* Exercise instructions *
Please, could you print all the lines below exactly, leaving out the pictures?

* Provided data *
+===+

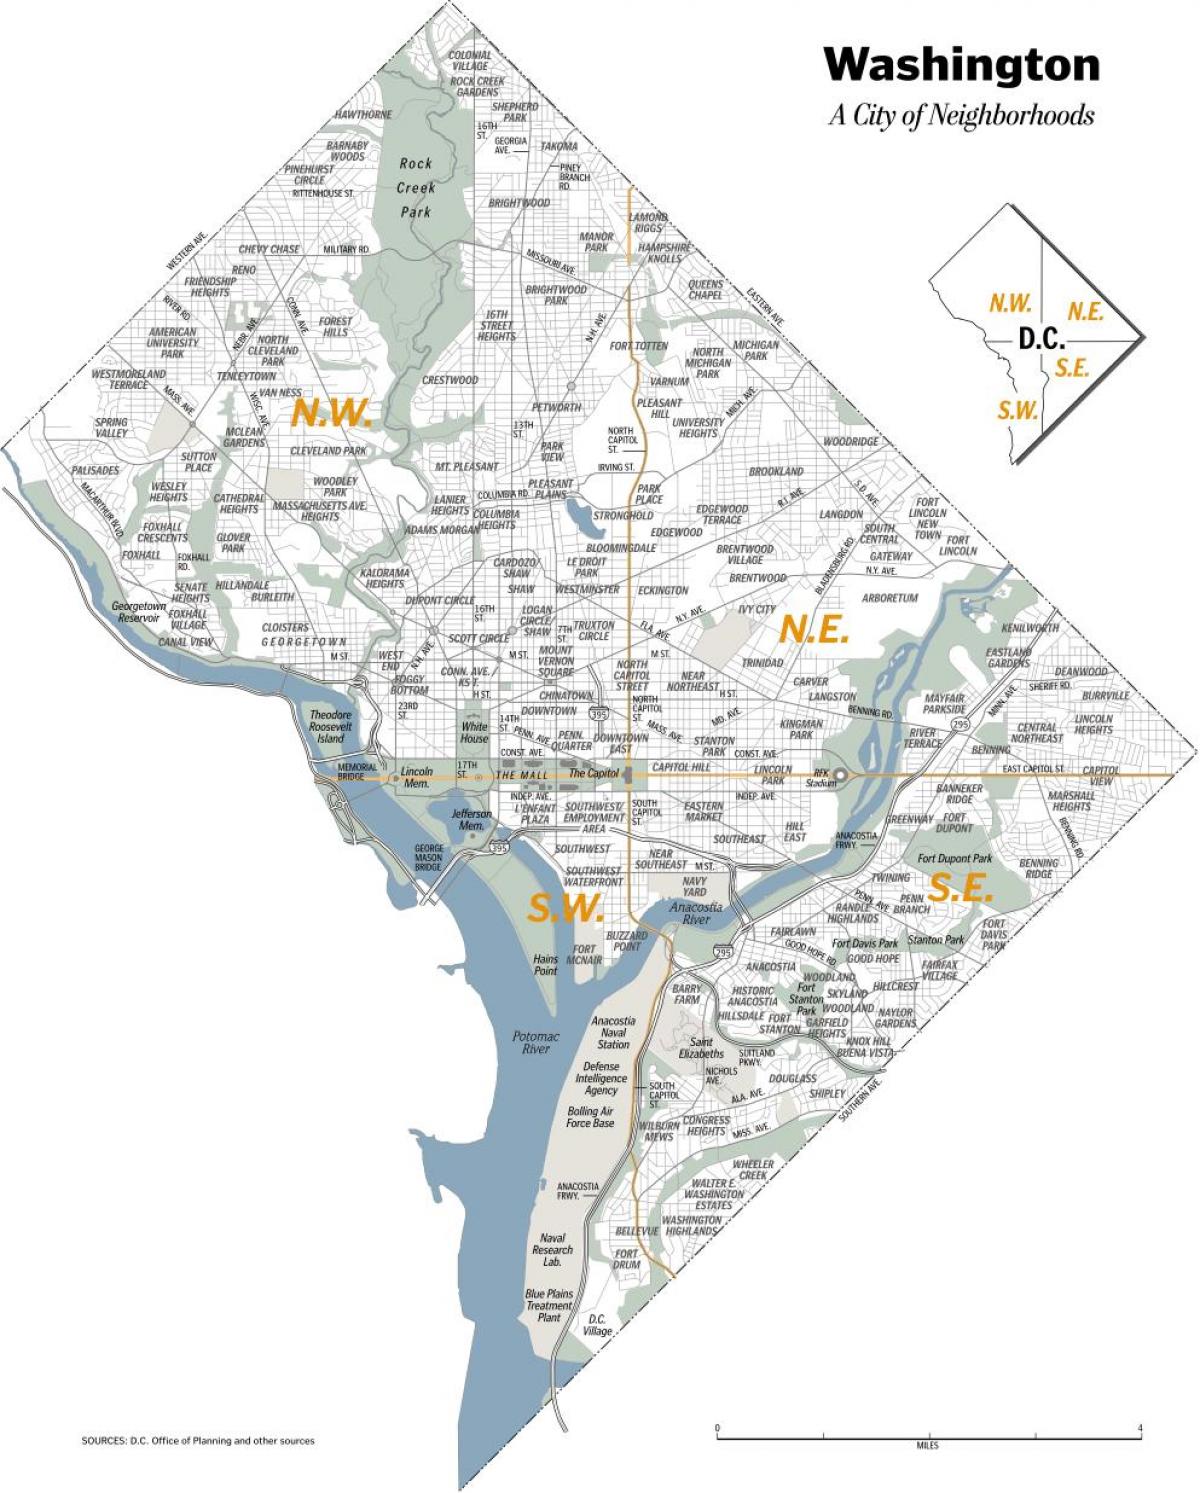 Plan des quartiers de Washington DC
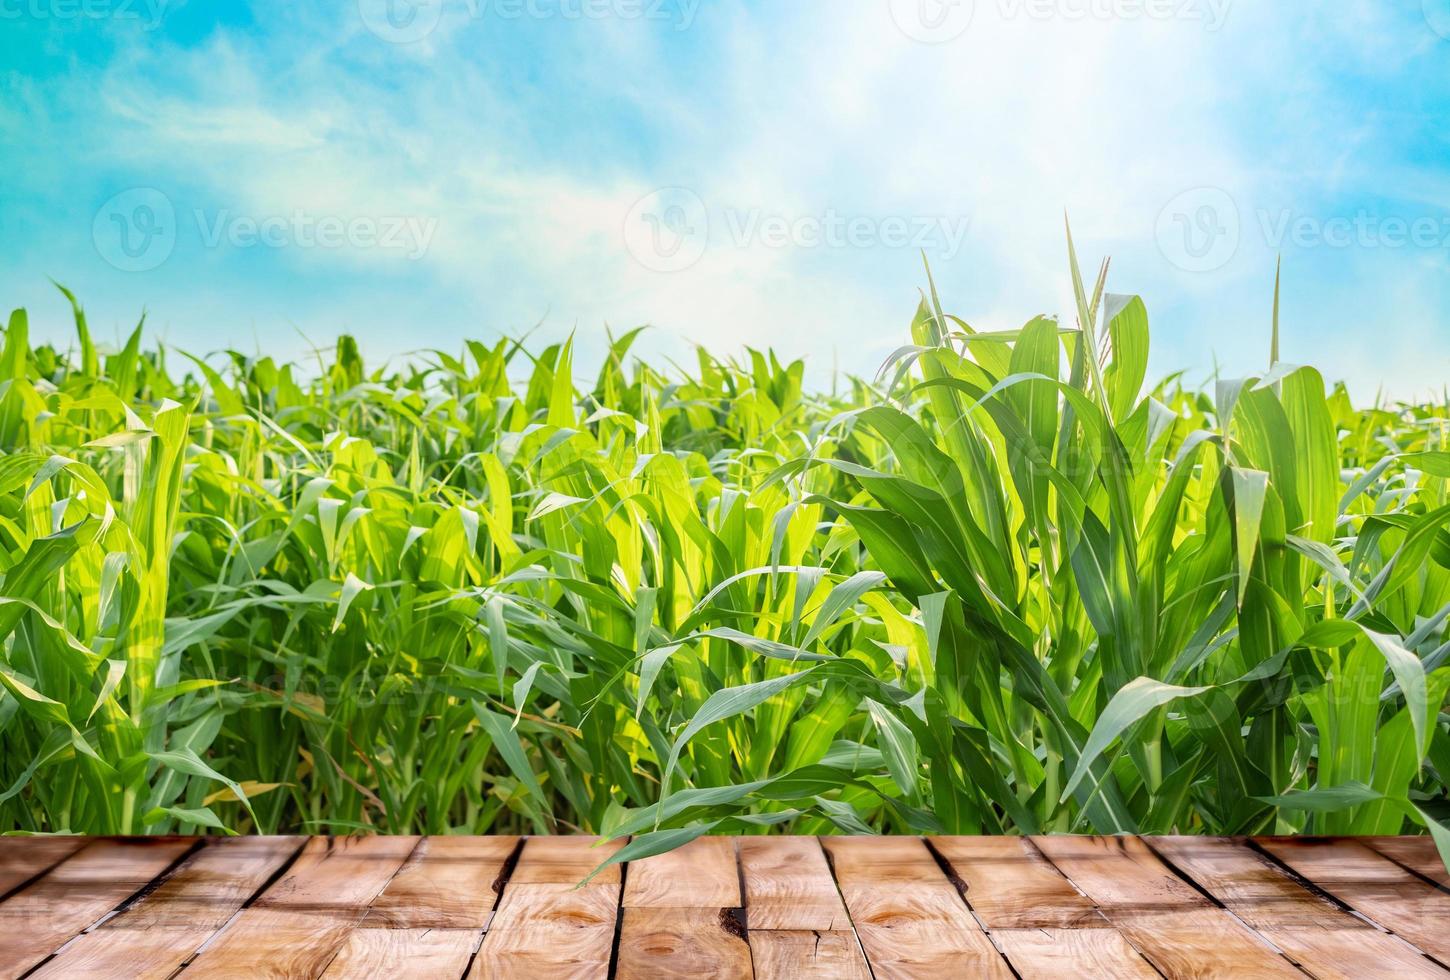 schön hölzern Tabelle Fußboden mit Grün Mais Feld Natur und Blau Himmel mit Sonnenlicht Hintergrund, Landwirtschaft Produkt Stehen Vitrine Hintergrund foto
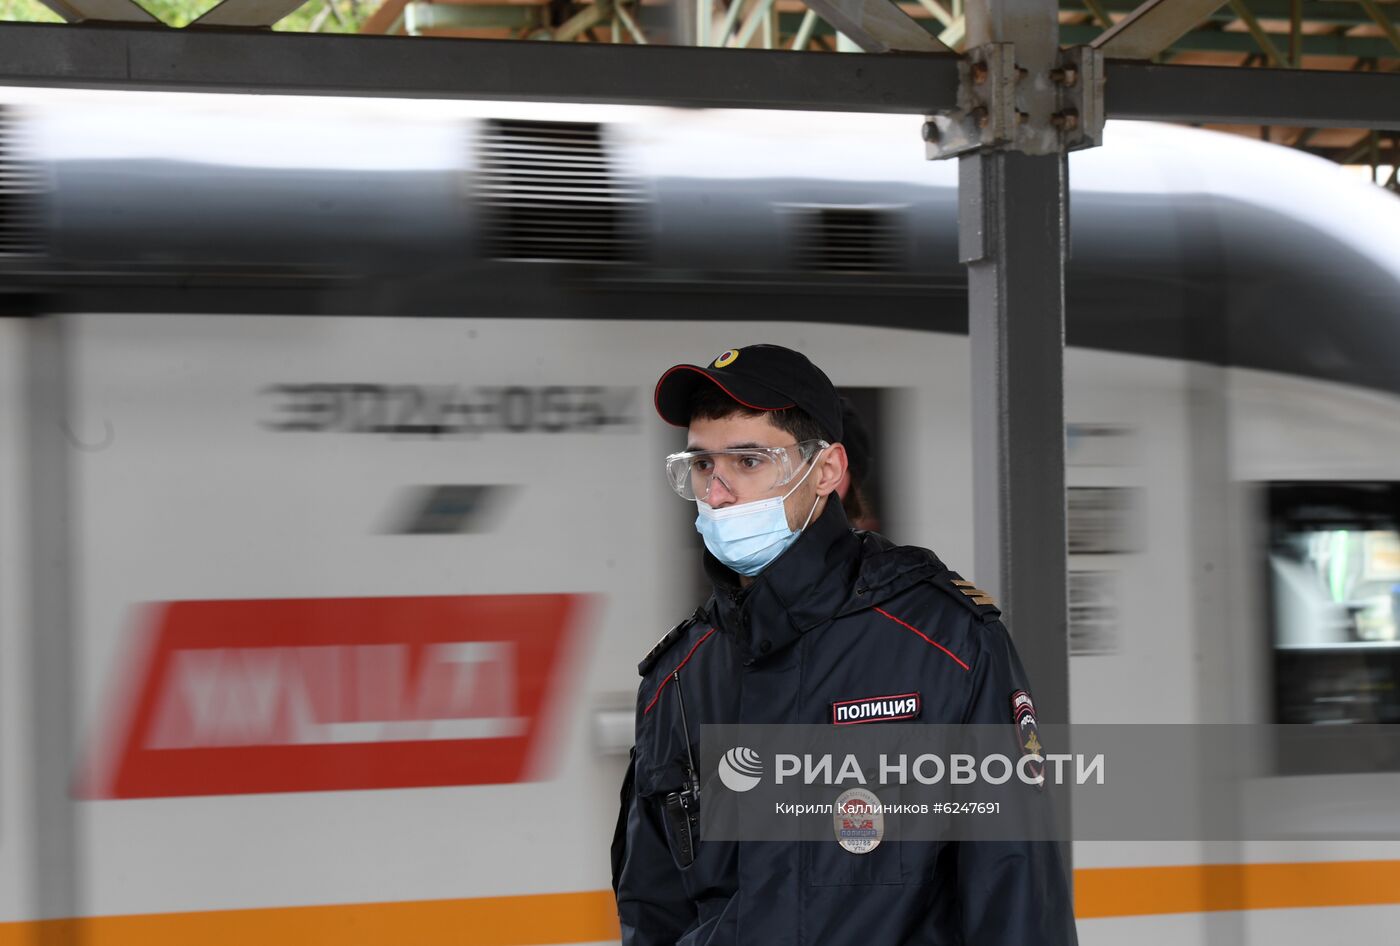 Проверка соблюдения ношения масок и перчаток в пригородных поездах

+===+

* Final answer *
 Plan des quartiers de Washington DC
 schön hölzern Tabelle Fußboden mit Grün Mais Feld Natur und Blau Himmel mit Sonnenlicht Hintergrund, Landwirtschaft Produkt Stehen Vitrine Hintergrund foto
 Проверка соблюдения ношения масок и перчаток в пригородных поездах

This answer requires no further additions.